Ce n'est pas un cadeau, mais un gouffre financier, un boulet, laisse tomber Mebarek Bouchekioua, une des « figures » de la communauté musulmane tourangelle, ex-trésorier, proche de son président Salah Merabti. Cet ancien cadre de la SNCF, né en Algérie, venu à Tours dans les années 60, parle sans détours sur un sujet devenu sensible : le chantier de la grande mosquée de Tours, dans la zone du Menneton.

Alors qu'au sommet de l'État, on remet sur le tapis le financement « du culte musulman » de France, à Tours, la communauté islamique tend le dos. Elle traîne son dossier de grande mosquée depuis plus de vingt ans. Les travaux ont débuté en 2008. Aujourd'hui, on ne voit toujours qu'une immense dalle de béton sortie de terre.
 TERRAIN. Sur d'anciens jardins ouvriers, 2 ha le long de la voie ferrée, en fond de zone industrielle, il n'est pas adapté, en contrebas de la rue Charles-Bedaux, et il est mal desservi par les transports en commun. Acheté 50.000 francs à la Ville, du temps de Jean Germain, il a fallu le racheter 80.000 € suite à un recours d'opposants au tribunal administratif, « dix fois plus, et on a dû taper dans la caisse destinée à la construction », précise avec amertume Mebareck Bouchekioua. Premier coup dur.
 BÂTIMENTS. Les fondations sont achevées, mais au prix fort. Il a fallu couler des pieux dans le sol pour asseoir la structure. Cette première tranche achevée, sous-sols, parkings, « c'est 40 % de fait ». Reste la seconde à entreprendre, la plus importante, salles de prières et d'ablutions hommes et femmes à l'étage, sanitaires, logement pour l'imam, aménagements intérieurs, dôme et (petit) minaret. Un appel d'offres vient d'être lancé pour trouver « une entreprise sérieuse ». Les travaux débuteraient au mieux début 2017. Pour une ouverture dans un, deux, trois ans ?
 FINANCES. Le total des travaux était estimé en août 2002 à 4,9 millions TTC, rien que pour le « centre cultuel », la partie religieuse. Combien au final ? Mebarek Bouchekioua y va avec des pincettes sur la note définitive, mais assure : « On ne vit que des dons de nos fidèles. La loi est claire et précise. On n'a pas touché un centime d'euro de la collectivité, et rien de l'étranger, malgré les promesses. » Les dons des fidèles ? Le système a ses limites, « même si, parfois, on a de gros donateurs, généreux, anonymes », glisse l'ex-trésorier.

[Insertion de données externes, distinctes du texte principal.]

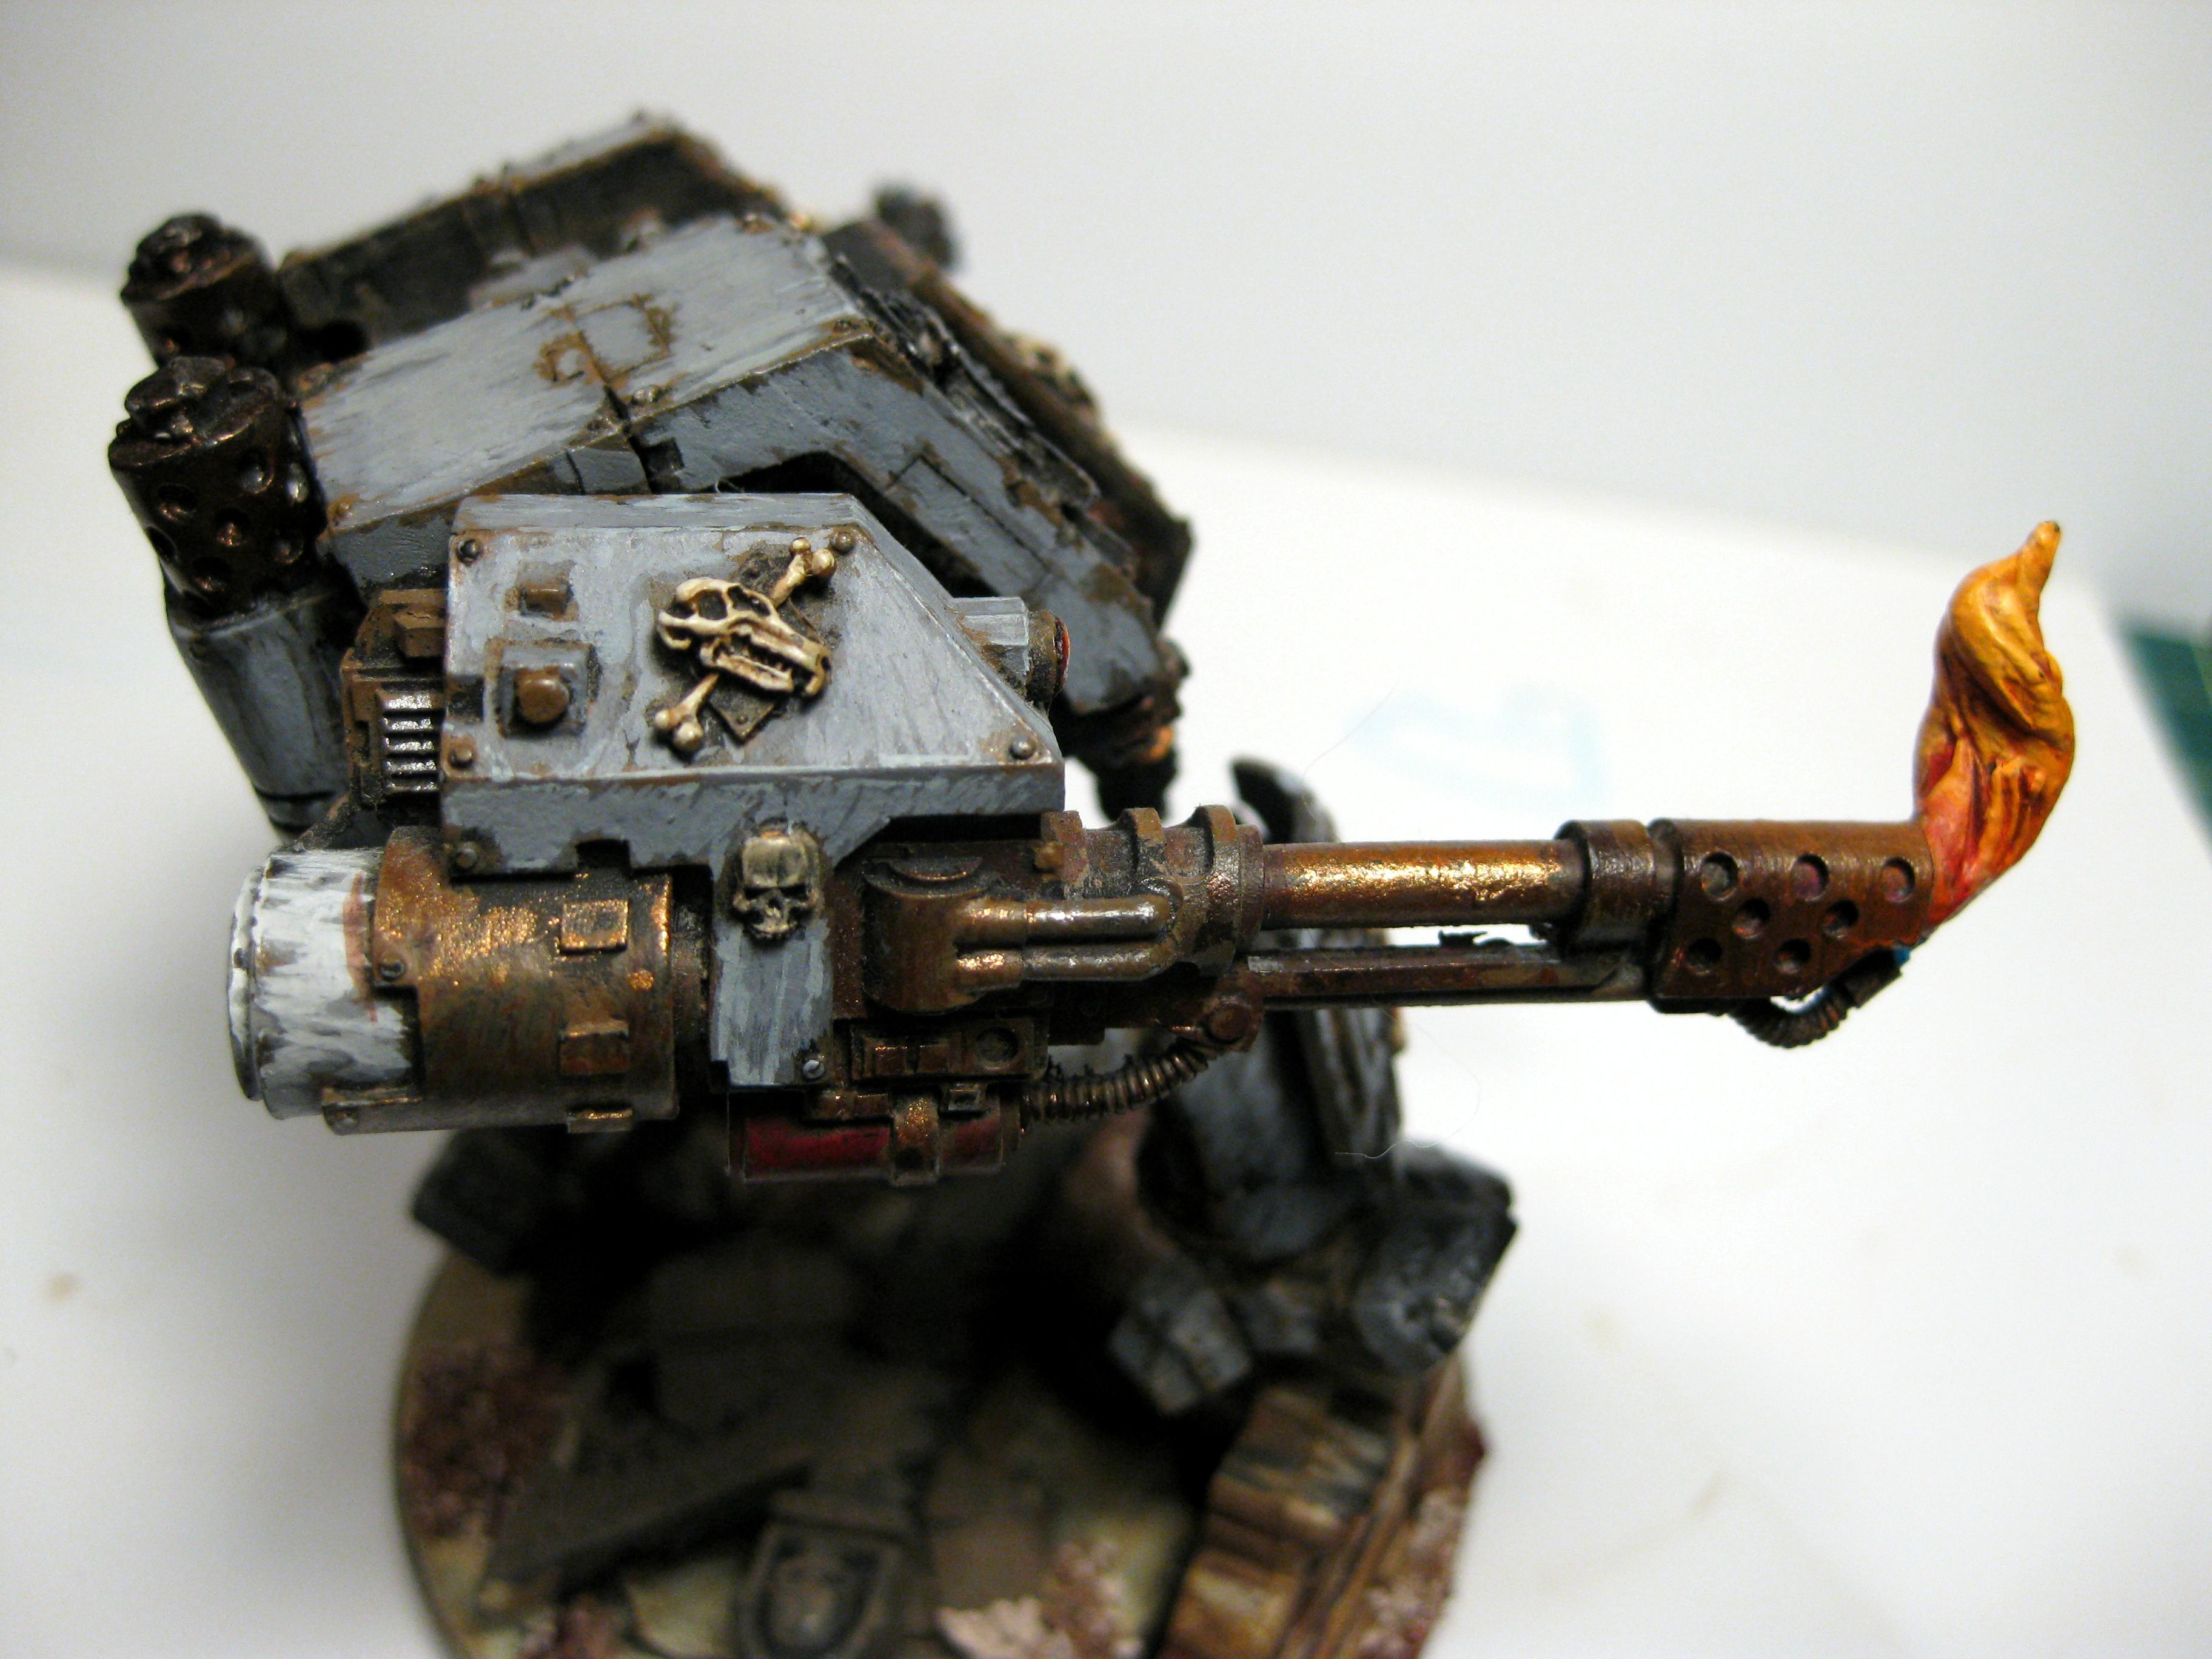 Dreadnought, Flamer, Flames, Space Marines, Space Wolves, Warhammer 40,000

Dans la communauté, il y a des médecins, des avocats, des chefs d'entreprise qui sortent le carnet de chèques au besoin.
Une certitude, l'aumône du ramadan de juin dernier a rapporté 25.000 €, 14.000 € d'avoir général, comme l'indique le tableau des comptes à la vieille mosquée de la rue Lobin à Tours. Et l'avoir général affiché était de 828.838 € à la date de ce 2 août 2016, « une somme destinée au chantier ». Salah Merabti, président de la communauté, parlait récemment de « 1,2 million d'euros nécessaires pour finir le gros œuvre », et évoquait l'ouverture de la grande mosquée « en 2017 ». Trop optimiste ?
 SALLE CULTURELLE. Ce devait être la cerise sur le gâteau, et c'était dans le « contrat » signé par l'ancien maire. Prévue à côté des installations religieuses, destinée aux animations extérieures, conférences, échanges interreligieux, elle devait être financée par les collectivités locales, Région, Ville, Agglo. Tout le monde fait le mort aujourd'hui. Vu les évènements nationaux et la présidentielle qui pointe son nez, les musulmans ne voient pas le bout du tunnel.

indiscret

> La mosquée de la rue Lobin à Tours a la particularité d'être la propriété de la Grande Mosquée de Paris. Celle-ci « en est propriétaire sans l'avoir achetée. On lui a légué nos locaux dans le passé pour éviter toute récupération locale. » Alors, aidera-t-elle à la construction de la grande mosquée de Tours ? Silence radio. Vendre les locaux de la rue Lobin pour payer le chantier du Menneton ? Pas envisagé du tout.
> Le président de la communauté musulmane tourangelle, Salah Merabti, vient d'écrire au recteur Dalil Boubakeur pour lui signifier qu'il faut « unifier les lieux de culte » et faire « qu'aucune structure n'échappe aux contrôles ».
> Salah Merabti, septuagénaire, a des soucis de santé et doit se reposer. Dans son entourage, certains n'ont pas apprécié la façon dont il a été accueilli et entendu au commissariat de Tours en juin, suite à la découverte d'un homme jugé « dangereux » qui se cachait dans les sous-sols du chantier de la grande mosquée. Le président (depuis vingt ans), apprécié des siens, a déjà annoncé qu'il cherchait un successeur.
> Petite phrase de Mebarek Bouchekioua : « Les autorités nous demandent plus que ce qu'elles nous donnent. »

 

billet

Pas dans la rue

Les musulmans de Tours poussent les murs et bricolent leurs locaux « pour ne pas prier dans la rue, car cela donne une mauvaise image de nous », se désole Mebarek Bouchekioua, un des piliers de la communauté, qui ajoute avec humour : « Quand on prie, on est tellement serrés les uns contre les autres que, si on jette une pièce en l'air, elle ne retombe pas par terre ! » Le chantier de la grande mosquée est lancé depuis bientôt dix ans. Impossible de faire marche arrière, de réduire la voilure, sinon, c'est le scandale financier et religieux assuré. Le coup est parti. Il faut aller jusqu'au bout, à marche forcée, avec l'argent des fidèles. L'État, lui, s'interroge sur « l'islam de France », son financement, la formation des imams, la sécurité. Un autre chantier, bien plus vaste, coûteux et polémique.